Он думал, что будет много и путано говорить, высказывая всё, что накопилось за день: и какой Лев дурак, что не принял помощи, и как его самонадеянность уже не первый раз выходит боком, и что он напугал детей (но они, если что, в порядке), и самое главное: напугал его! Так сильно, что он… Что он чуть было не поверил, что это опять повторяется, что он теряет самого дорогого, самого близкого, самого любимого человека, словно обреченный на нескончаемые потери, только этой ему было бы не вынести.

Но Слава молчал, понимая, каким это будет лишним сейчас. Он ведь пришел, чтобы просто быть рядом.

И был, пока не вышло время, и Ольга Генриховна не написала ему: «Пора выходить». Слава нехотя выпустил руку Льва из своей, поправил на нём одеяло, как на ребенке, и, уже было собравшись уйти, на мгновение застыл в раздумьях. Да или нет? Сделать или?..

Сделал. Наклонился и поцеловал шершавые пересохшие губы, не ответившие ему взаимностью.

— Я украл у тебя поцелуй, — прошептал Слава. — Прости, что без активного согласия, но… Я потом верну, если что.

И почувствовав, как карман джинсов обжигает новыми сообщениями («Вячеслав, вы тут?» и «Аууу»), он заставил себя оторваться от постели и выйти из палаты. Так быстро, как только мог, чтобы не дать себе шанса спрятаться под кроватью и провести рядом со Львом всю ночь.

Вернувшись домой ближе к полуночи, он наткнулся на сонного старшего, который — засранец — обещал лечь пораньше, а теперь караулил его у порога.

— Куда ты ходил? — с тревогой спросил Мики.

— Прогулялся перед сном, — он старался не смотреть в глаза. Взгляд — предатель, всегда выдает вранье. — Развеялся.
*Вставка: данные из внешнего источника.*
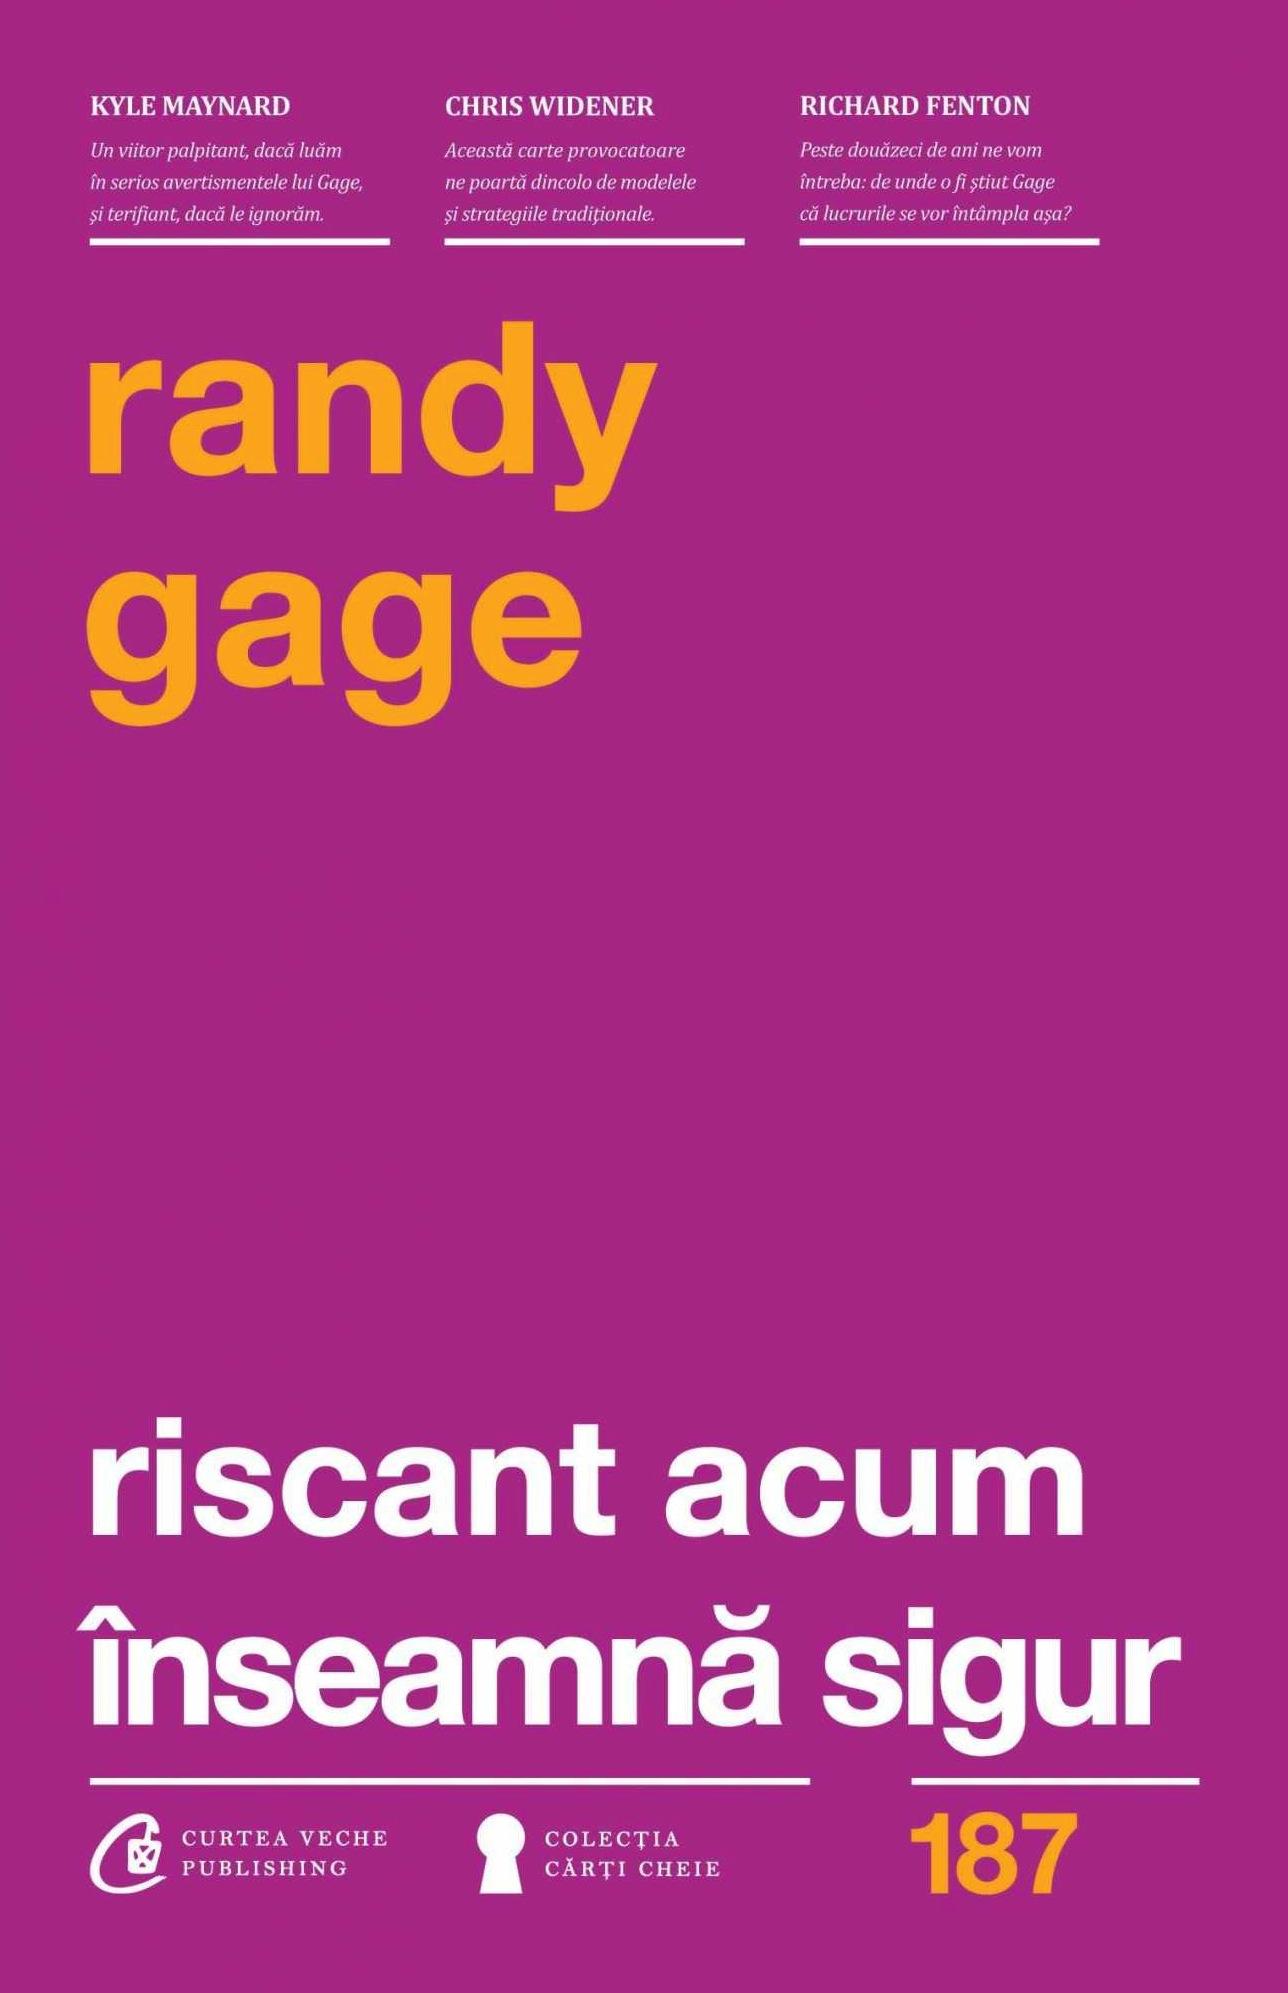 Riscant acum înseamnă sigur - Randy Gage

— А, — вроде поверил. — Мне тоже надо было. Не спится.

И, потерев глаза, вернулся в свою постель, накрывшись одеялом с головой.

Слава же так и не заснул в ту ночь: улегшись на половине кровати, где обычно спал Лев, он обнимал его подушку и думал, что лучше бы спрятался под кроватью. Лучше кафельный пол больницы, чем мягкая постель без него. Завтра скажет, что скоро заберёт его домой. Что они снова будут жить вместе.

Лев [87]

Это был яблоневый сад — такой прекрасный, что в памяти всплыло слово: «Эдем». Он никогда не пытался представить Эдем всерьёз, не заходил в воображении дальше библейских картинок, а теперь вдруг видел его наяву: сочная зелень, несуществующего оттенка зелёного, и красные наливные яблоки: красные как огонь, как кровь, как закат. Несуществующим яблочным цветом.

Они разместились под деревом: Слава сидел, привалившись к массивному стволу — у яблонь, наверное, таких и не бывает, — а Лев лежал, положив голову ему на колени. Они были одеты в белый наряд, похожий на однотонную больничную пижаму, но сшитую из легкой ткани, хотя, говорят, в Эдеме одежд не шьют. Значит, уже познали стыд. Волосы у обоих были длиннее, чем обычно, Лев чувствовал, что его локоны разметались по Славиным коленям, Славины же были до плеч и вились на концах. Лев протянул руку, чтобы дотронуться до его волос, но Слава перехватил его пальцы, прижал к губам и поцеловал. Стало тепло. Только тогда Лев понял, что почти ничего не чувствует: ни его колен под затылком, ни твердой земли, ни собственного тела. Но когда Слава касается губами — чувствует.